## College Physics (4th Edition)

(a) The rocket's altitude when the engine fails is $25.0~km$ (b) The total time to reach maximum height is $152.0~s$ (c) The rocket travels up to a maximum height of $76.0~km$ (d) The velocity of the rocket just before it hits the ground is $1220~m/s$ downward.

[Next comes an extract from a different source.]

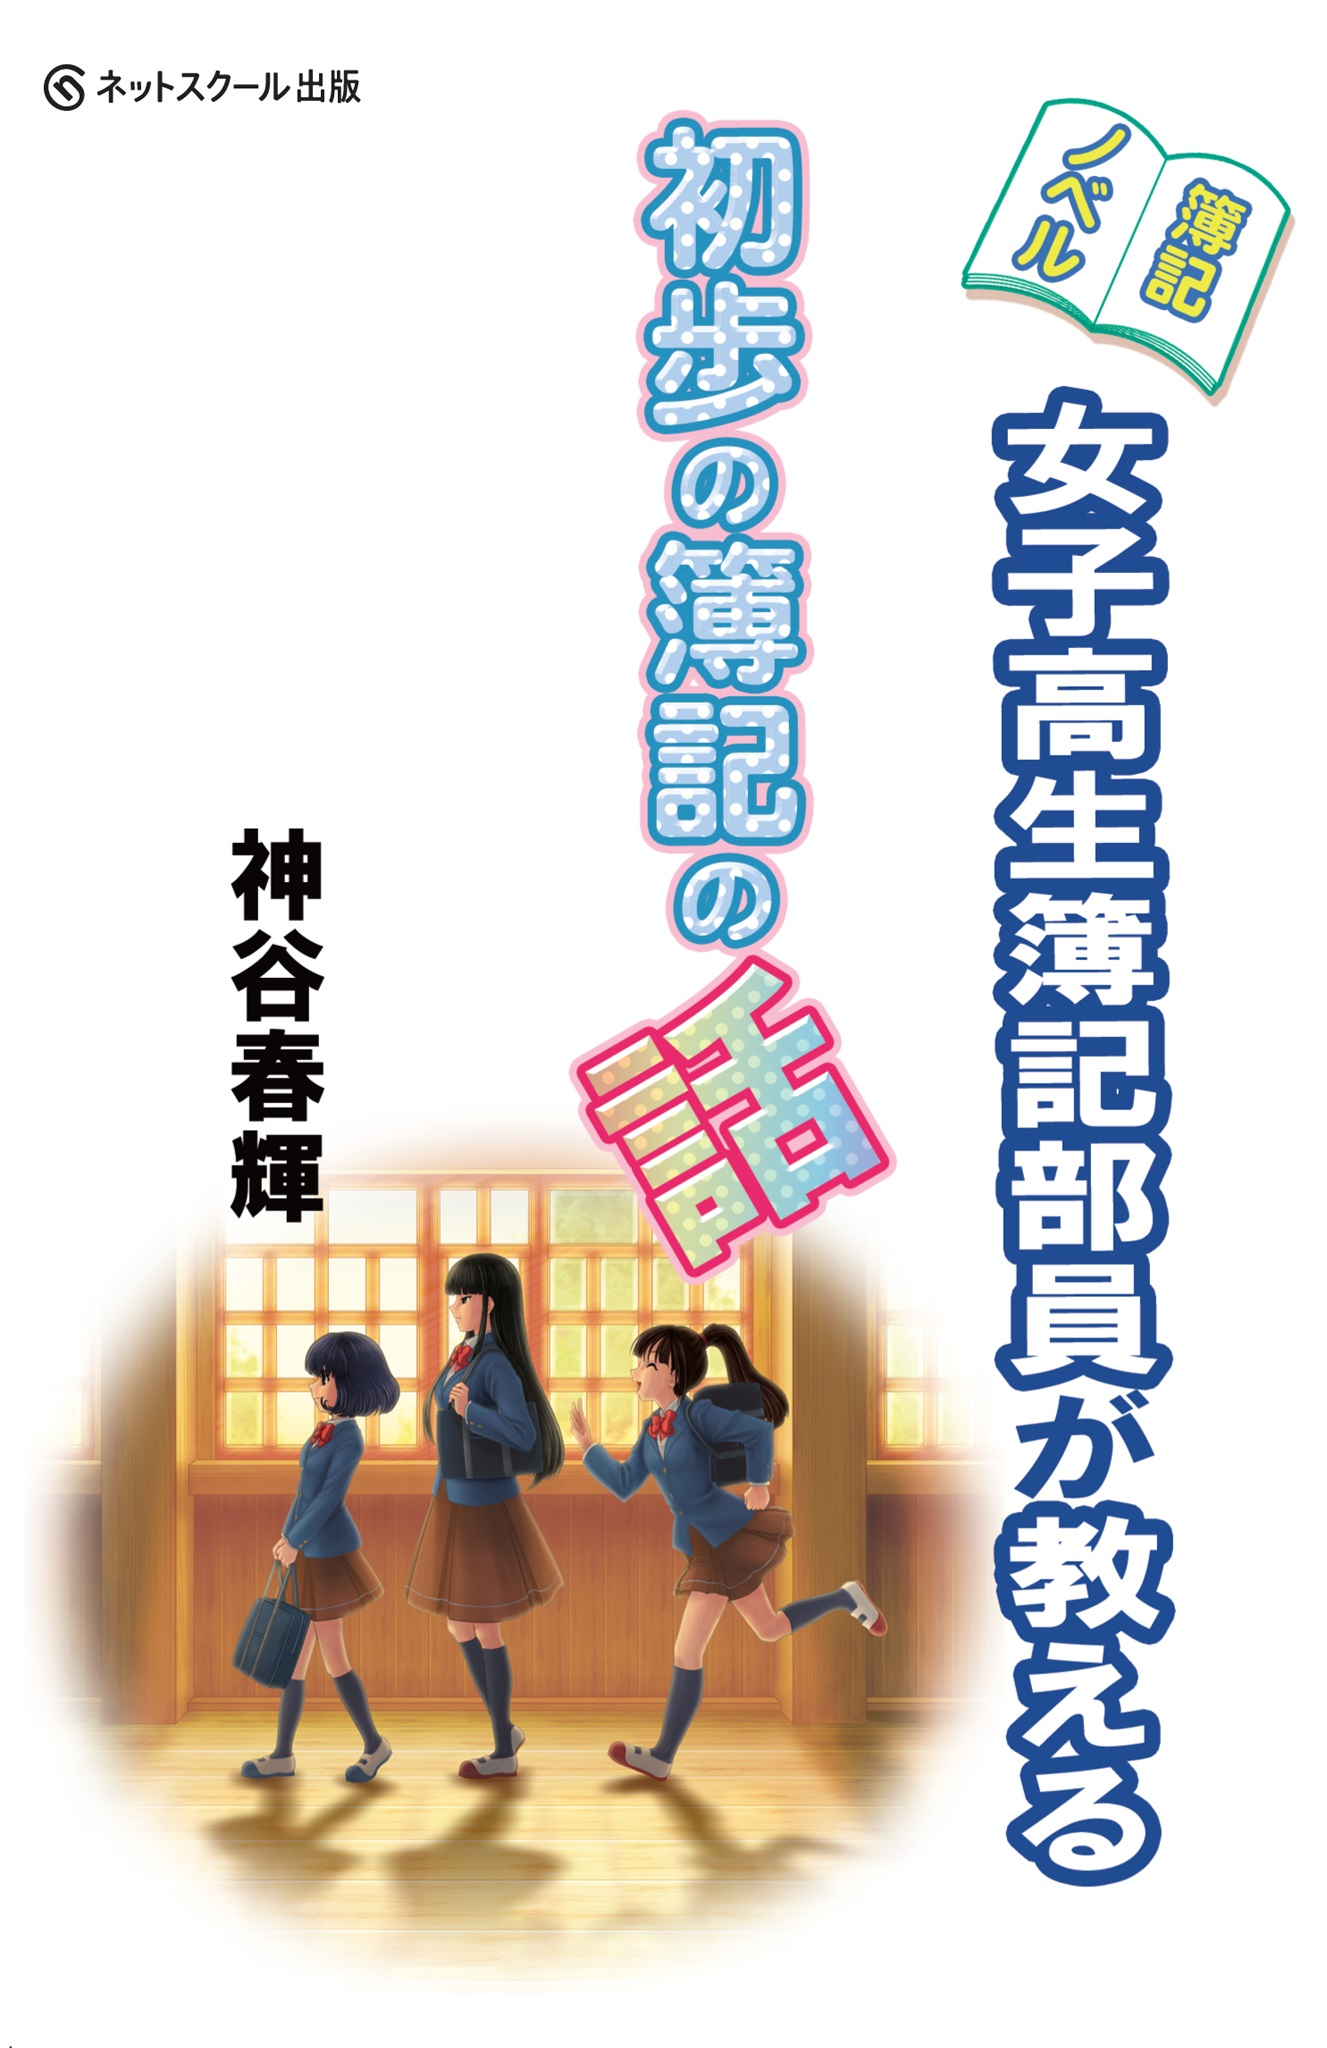 簿記ノベル 女子高生簿記部員が教える初歩の簿記の話

(a) We can find the vertical displacement while the rocket accelerates upward: $\Delta y = \frac{1}{2}at^2$ $\Delta y = \frac{1}{2}(20.0~m/s^2)(50.0~s)^2$ $\Delta y = 25,000~m = 25.0~km$ The rocket's altitude when the engine fails is $25.0~km$ (b) We can find the velocity after the first $50.0~s$: $v_f = v_0+at$ $v_f = 0+(20.0~m/s^2)(50.0~s)$ $v_f = 1000~m/s$ We can find the time $t$ from the end of the upward acceleration period until maximum height. For this part, we can let $v_0 = 1000~m/s$: $v_f = v_0+at$ $t = \frac{v_f-v_0}{a}$ $t = \frac{0-1000~m/s}{-9.80~m/s^2}$ $t = 102.0~s$ The total time to reach maximum height is $152.0~s$ (c) We can find the displacement from the end of the upward acceleration period until the rocket reaches its maximum height. For this part, we can let $v_0 = 1000~m/s$: $v_f^2 = v_0^2+2a\Delta y$ $\Delta y = \frac{v_f^2-v_0^2}{2a}$ $\Delta y = \frac{0-(1000~m/s)^2}{(2)(-9.80~m/s^2)}$ $\Delta y = 51,020~m = 51.0~km$ The total displacement from the ground to the maximum height is $25.0~km+51.0~km$ which is $76.0~km$ The rocket travels up to a maximum height of $76.0~km$ (d) We can find the velocity just before the rocket hits the ground: $v_f^2=v_0^2+2a\Delta y$ $v_f=\sqrt{v_0^2+2a\Delta y}$ $v_f=\sqrt{0+(2)(-9.80~m/s^2)(-76,000~m)}$ $v_f = 1220~m/s$ The velocity of the rocket just before it hits the ground is $1220~m/s$ downward.